I diagnose these failures systematically and close them by learning from targeted perturbation experiments — discarding genome-wide knowledge where it misleads, and keeping predictions reliable even when perturbations shift the cell state itself.
How reliably models handle these shifts ultimately determines their usefulness across the applications that depend on them:
- Interpreting non-coding variants — predicting the functional consequences of regulatory genetic variation.
- Designing perturbation experiments that reveal cis-regulatory biology.
- Engineering synthetic regulatory sequences with tunable properties.
Throughout, I develop open-access tools and resources to promote reproducibility and empower the genomics community.
News
- 2026-06-25
Published a blog post benchmarking sequence-to-function models against CRISPRi enhancer-knockdown screens on the Genomics x AI blog, showing that leading models (including AlphaGenome and Borzoi) systematically underestimate distal enhancer effects, with the gap widening as enhancers get farther from their target genes.
- 2026-05-07
Presented Improving genomic deep learning models with perturbation data, our work on continual learning for genomics, at Biology of Genomes 2026, Cold Spring Harbor Laboratory.
- 2026-04-08
Co-authored a research highlight in Cell Research on AlphaGenome and predicting non-coding variant effects, with Masayuki Nagai and Peter Koo.
- 2026-02-20
Published a blog post on fine-tuning AlphaGenome for MPRA and STARR-seq data on the Genomics x AI blog, highlighting the approach of treating sequence-to-function models as modular regulatory encoders leading to state-of-the-art results across perturbation assays.
- 2025-10-10
Presented our work on causal refinement for genomic deep learning models through continual learning at MLCB 2025. Check out the talk on the MLCB YouTube channel.
- 2025-03-03
Joined Peter Koo’s group at Cold Spring Harbor Laboratory, New York to develop methods to improve genomic sequence-to-function and genomic language models.
- 2024-12-11
Our ChromExpress paper investigating the relationship of histone marks with expression using deep learning is out in Nucleic Acids Research (NAR)!

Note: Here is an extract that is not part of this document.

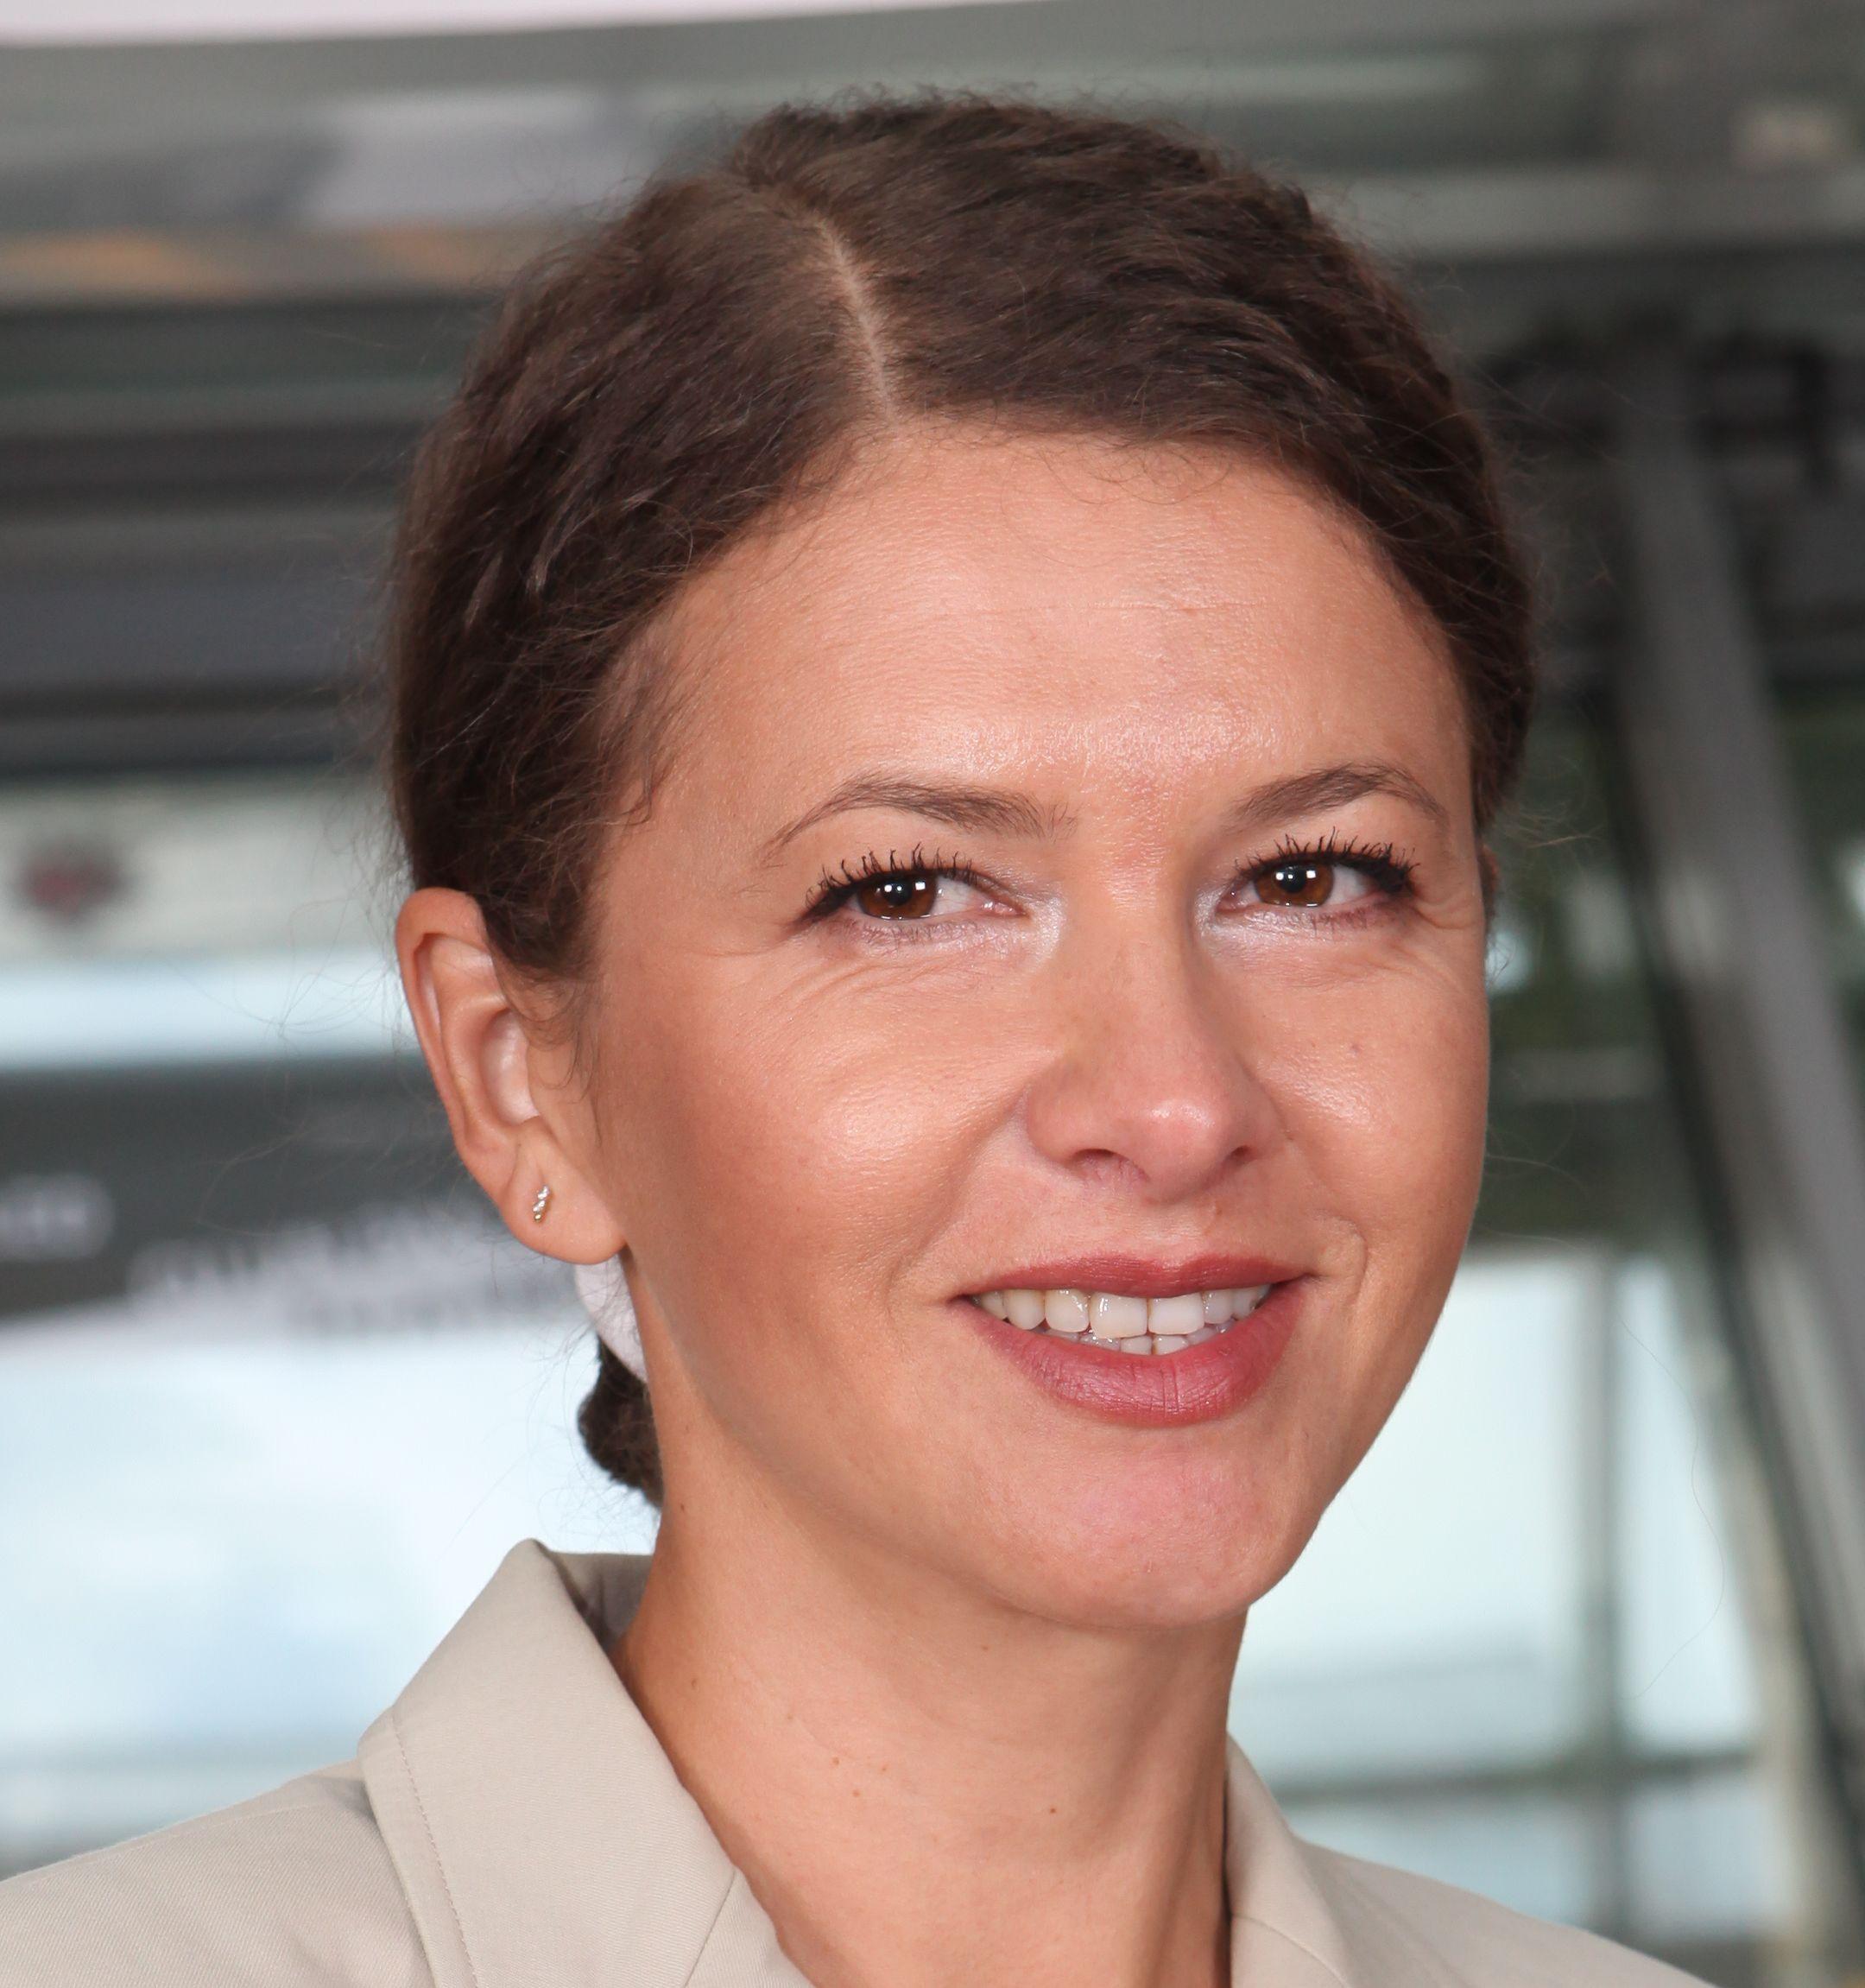 <p>Grațiela Măgdălinoiu</p>

See a quick overview on X/Twitter.
- 2024-11-16
Our Enformer Celltyping paper, a genomic DNN to accurately predict epigenetic signals in previously unseen cell types, is out in Nature Communications! See more on Twitter or on BlueSky.
- 2023-12-04
Our re-analysis paper of the first single-cell RNA-seq Alzheimer’s disease dataset is out in eLife! Check out an overview here.
- 2023-09-25
Presented my PhD work predicting the cell type-specific effects of genetic variants on the epigenome at the Kipoi Summit for computational regulatory genomics.
- 2023-07-29
Presented a session on single-cell genomics for Alzheimer’s disease as part of ADDI’s Summer Learning Series.
- 2022-12-22
Our paper benchmarking differential expression methods for single-cell RNA-seq is out in Nature Communications! Check out our overview here.
- 2021-10-02
MungeSumstats, our software for rapid standardisation and quality control of GWAS or QTL summary statistics, is now out in Bioinformatics.
- 2021-07-19
Thrilled to officially start my PhD with Dr. Nathan Skene’s group in the Department of Brain Sciences, Imperial College London as part of the UK DRI.
Selected Publications
This is a selection of recent work. For a complete and always up-to-date list, see my Google Scholar profile.

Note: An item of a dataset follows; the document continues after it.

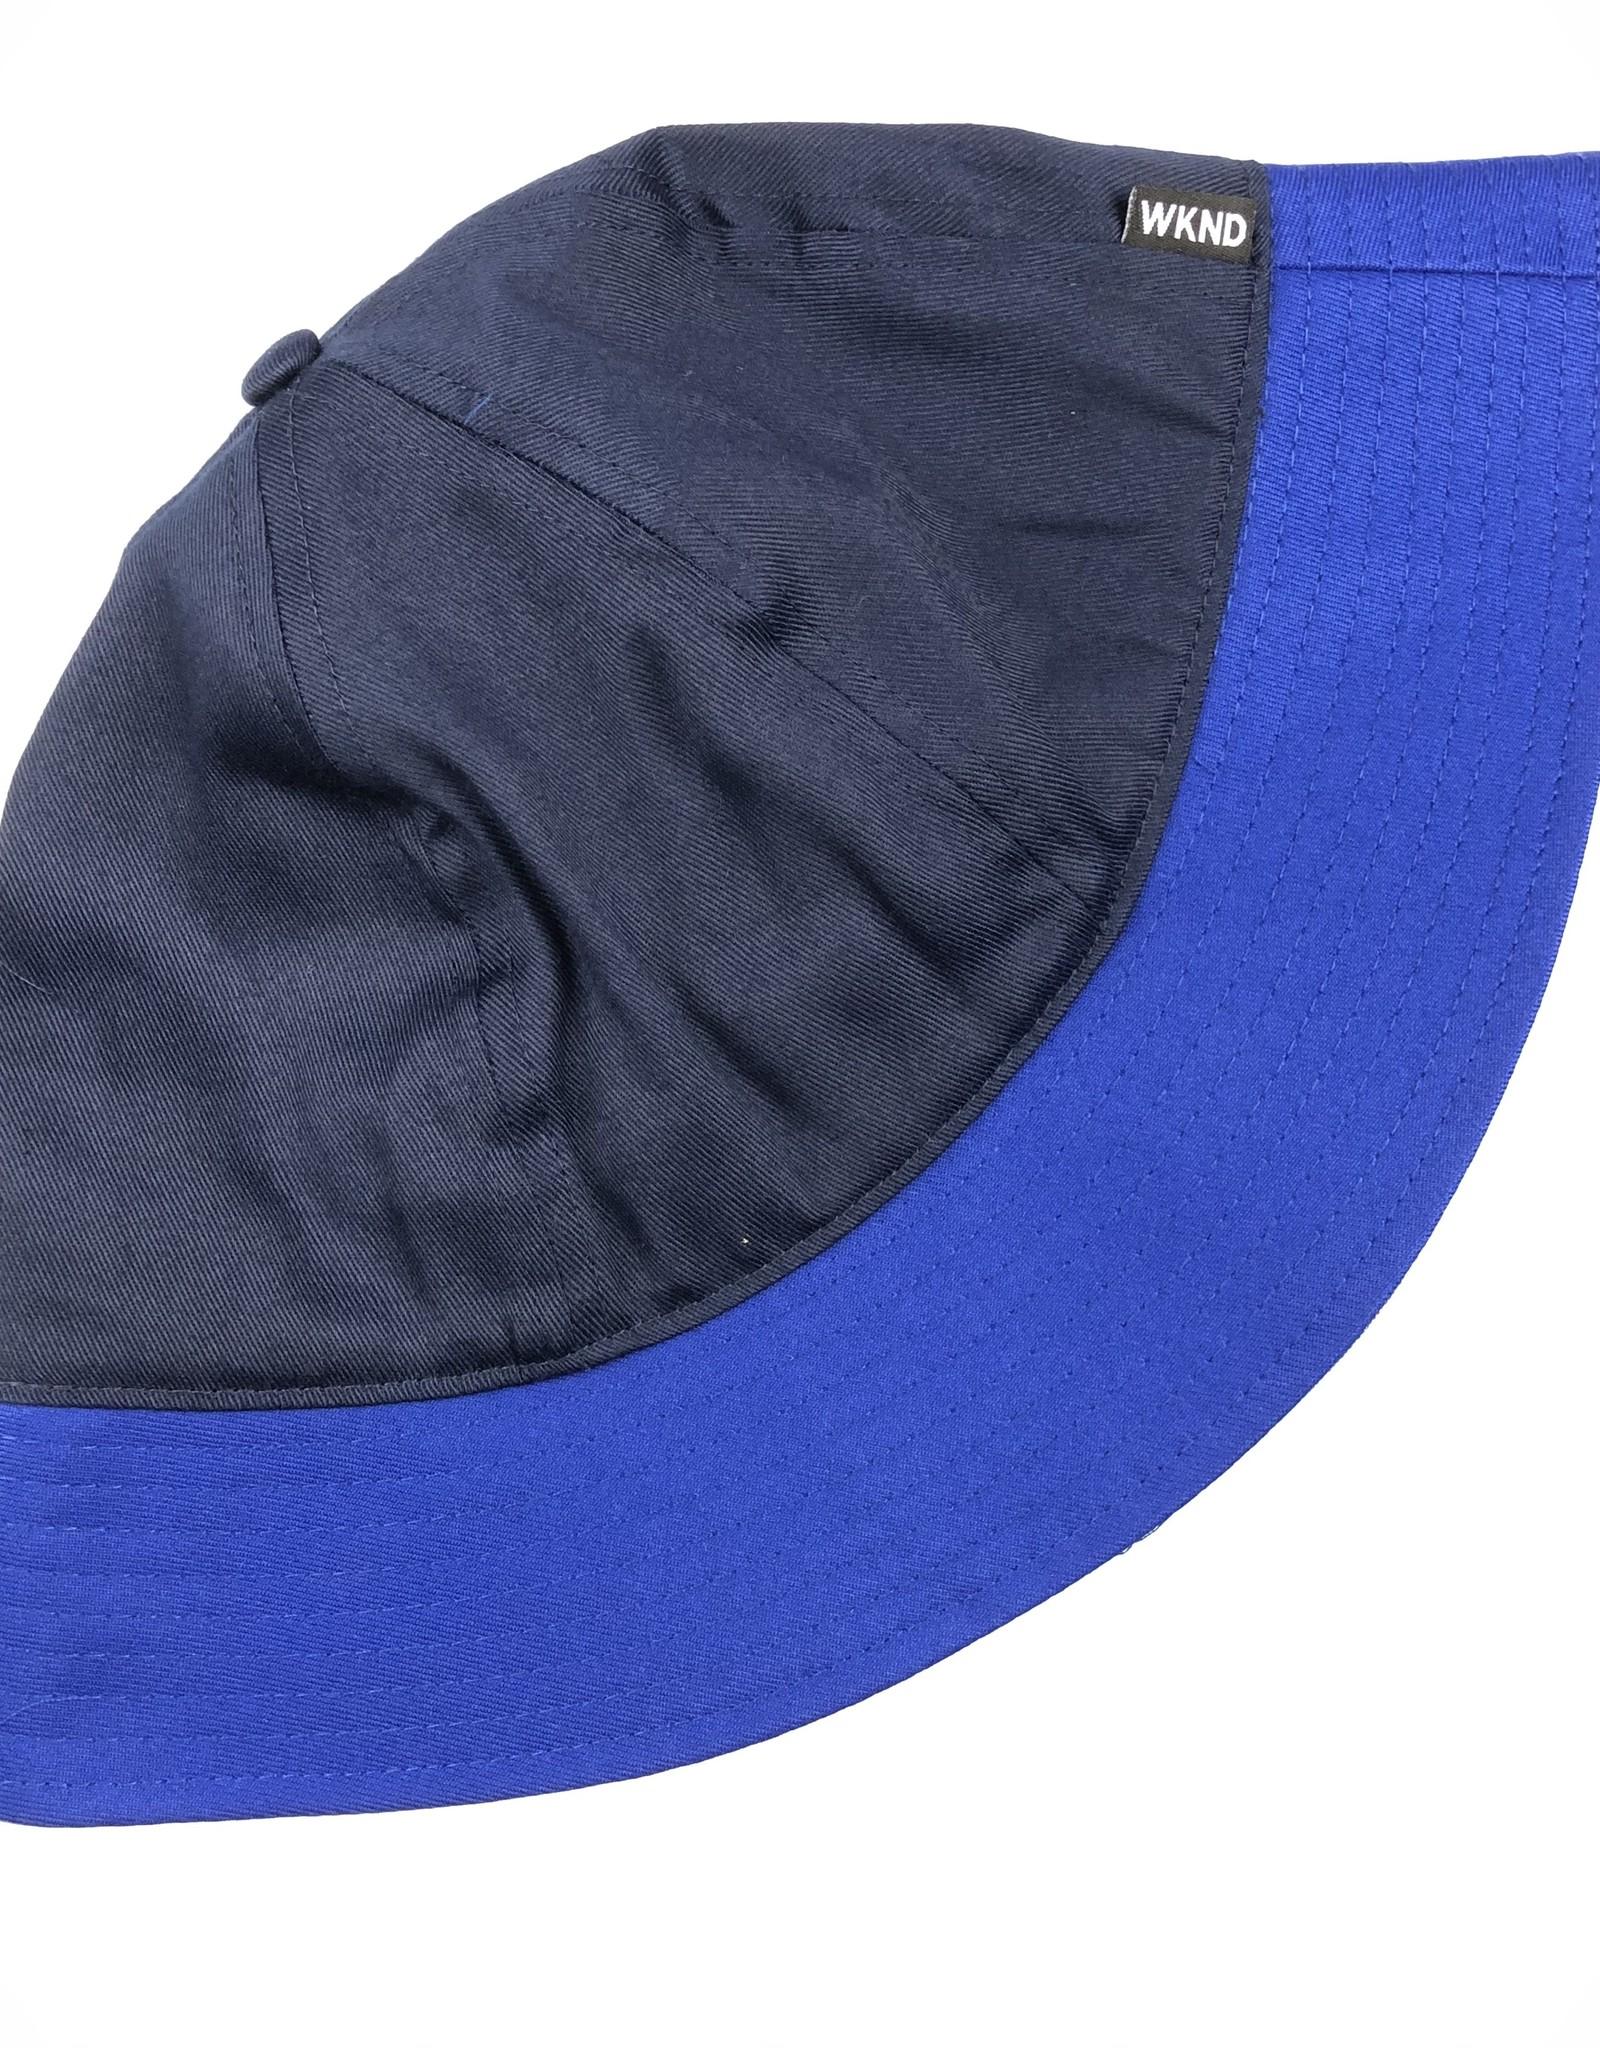 WKND BLUE BUCKET HAT - BLUE/NAVY

MungeSumstats: a Bioconductor package for the standardization and quality control of many GWAS summary statistics
Murphy, A. E., Schilder, B. M. & Skene, N. G. Bioinformatics 37, 4593–4596 (2021)
A balanced measure shows superior performance of pseudobulk methods in single-cell RNA-sequencing analysis
Murphy, A. E. & Skene, N. G. Nat. Commun. 37, 7851 (2022)
Avoiding false discoveries in single-cell RNA-seq by revisiting the first Alzheimers disease dataset
Murphy, A. E., Fancy, N. & Skene, N. G. eLife 12:RP90214 (2023)
Predicting cell type-specific epigenomic profiles accounting for distal genetic effects
Murphy, A.E., Beardall, W., Rei, M. et al. Nat. Commun. 15, 9951 (2024)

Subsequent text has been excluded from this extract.